Kicking off at 9 a.m., the parade featured the South Shore Drill Team, Exodus Drum and Bugle Corps, the Chicago Sky, whose mascot handed out souvenirs, and Ald. Emma Mitts (37th), who greeted constituents while her team of aides passed out neighborhood watch posters with “we call police” in big black and red letters, meant for residents to put in their windows.

With a group of boys from the congregation dressed in military fatigues, the Rev. Lockhart led the parade with call-and-response military chants about saying no to drugs.

“We need to help the kids get off the streets and make sure the younger kids don’t start selling drugs and doing the wrong things in life,” said Laverta Pitts, 23, a life-long resident of Austin whose three sons, at 3, 6 and 9-years-old, all marched in the parade carrying anti-drug and violence signs.

“I’m scared for my kids all the time,” she said. “Being a part of this parade and being active in the church, I hope it’ll show kids to stop the violence and communicate with others, and not to sell drugs, because drugs lead to the violence.”

The parade marched west from the front of Healing Temple, at 4941 West Chicago Ave., to Central Avenue, then north to West Augusta Boulevard and over to Cicero Avenue, then back to Chicago Avenue and Healing Temple.

Afterward, the church hosted a party where they served food and played music.

“Everybody needs to do all they can to stop the drugs and violence,” Ald.
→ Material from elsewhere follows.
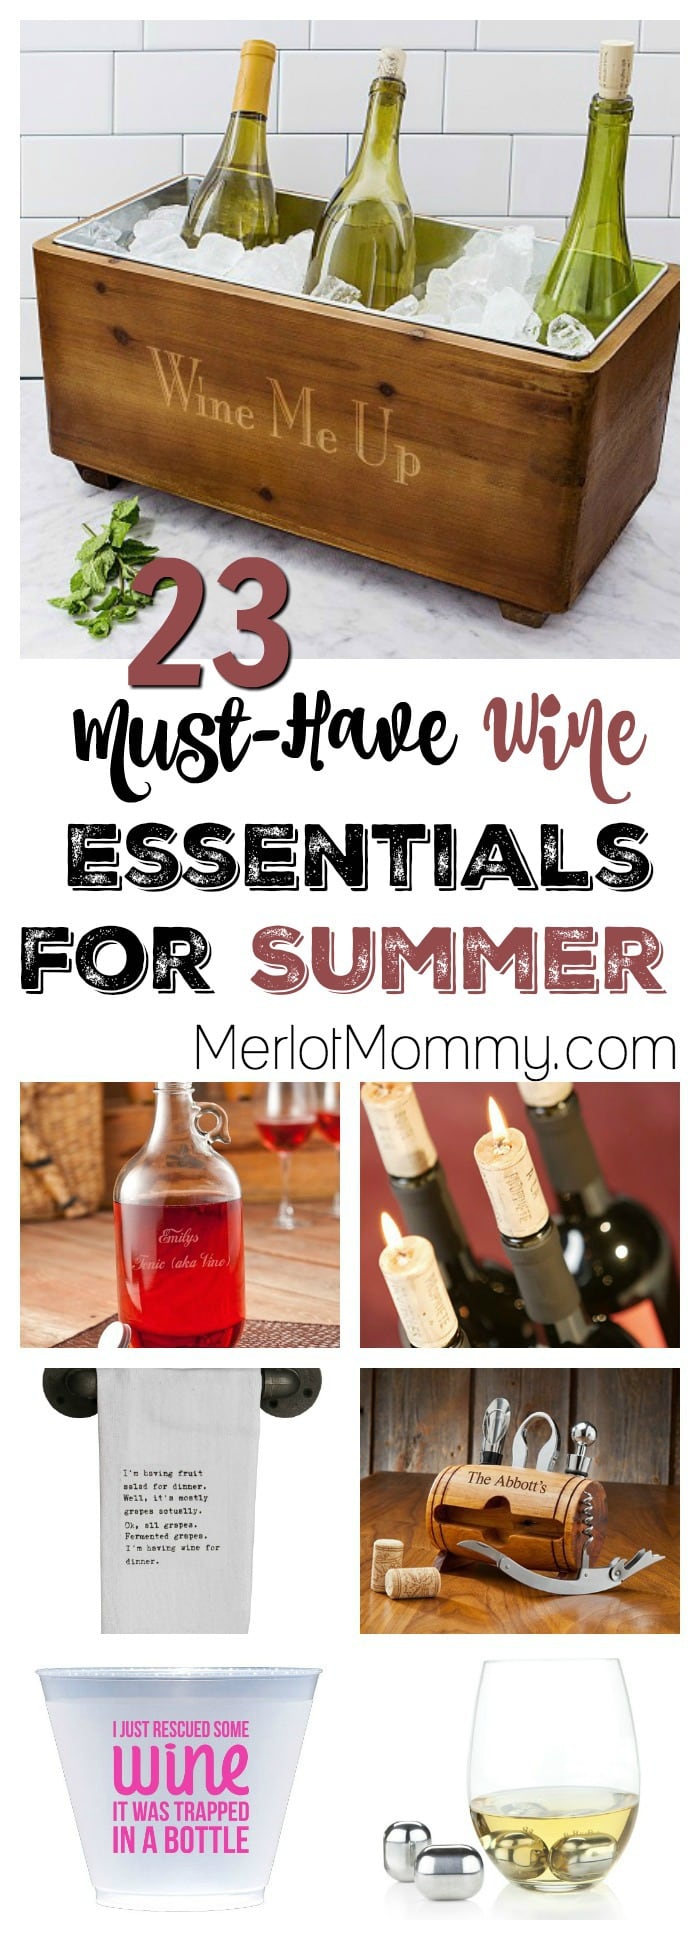 https://merlotmommy.com/wp-content/uploads/2016/06/wine-essentials-pin.jpg
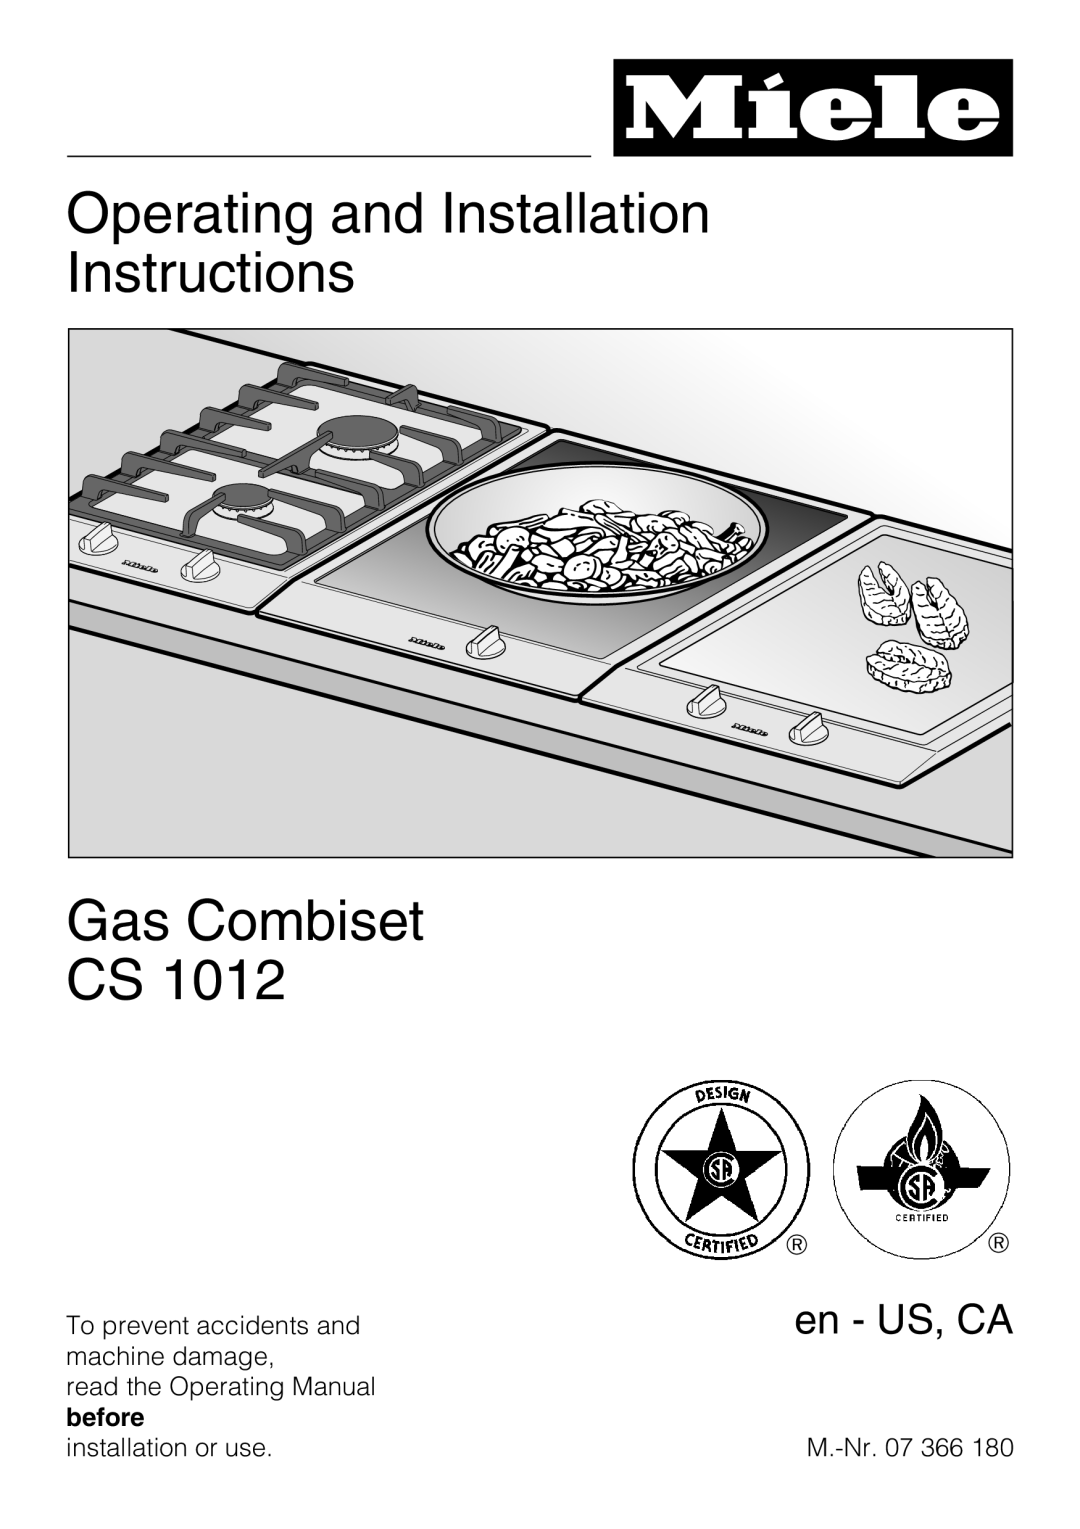 Miele CS1012 installation instructions Operating and Installation Instructions Gas Combiset CS, en - US, CA

Mitts said. “The violence is out of control … for the last couple of weeks I’ve been meeting with the West Side elected officials to come up with ways to do something — there’s always something you can do.”

“We need to get a movement going. People want to get involved, but they don’t know how. So we’re going to set up committees,” she said.

“We need to make this a priority, but first we need to hear what the community is saying. So we’re talking about putting questionnaires out on the street to hear what people say.”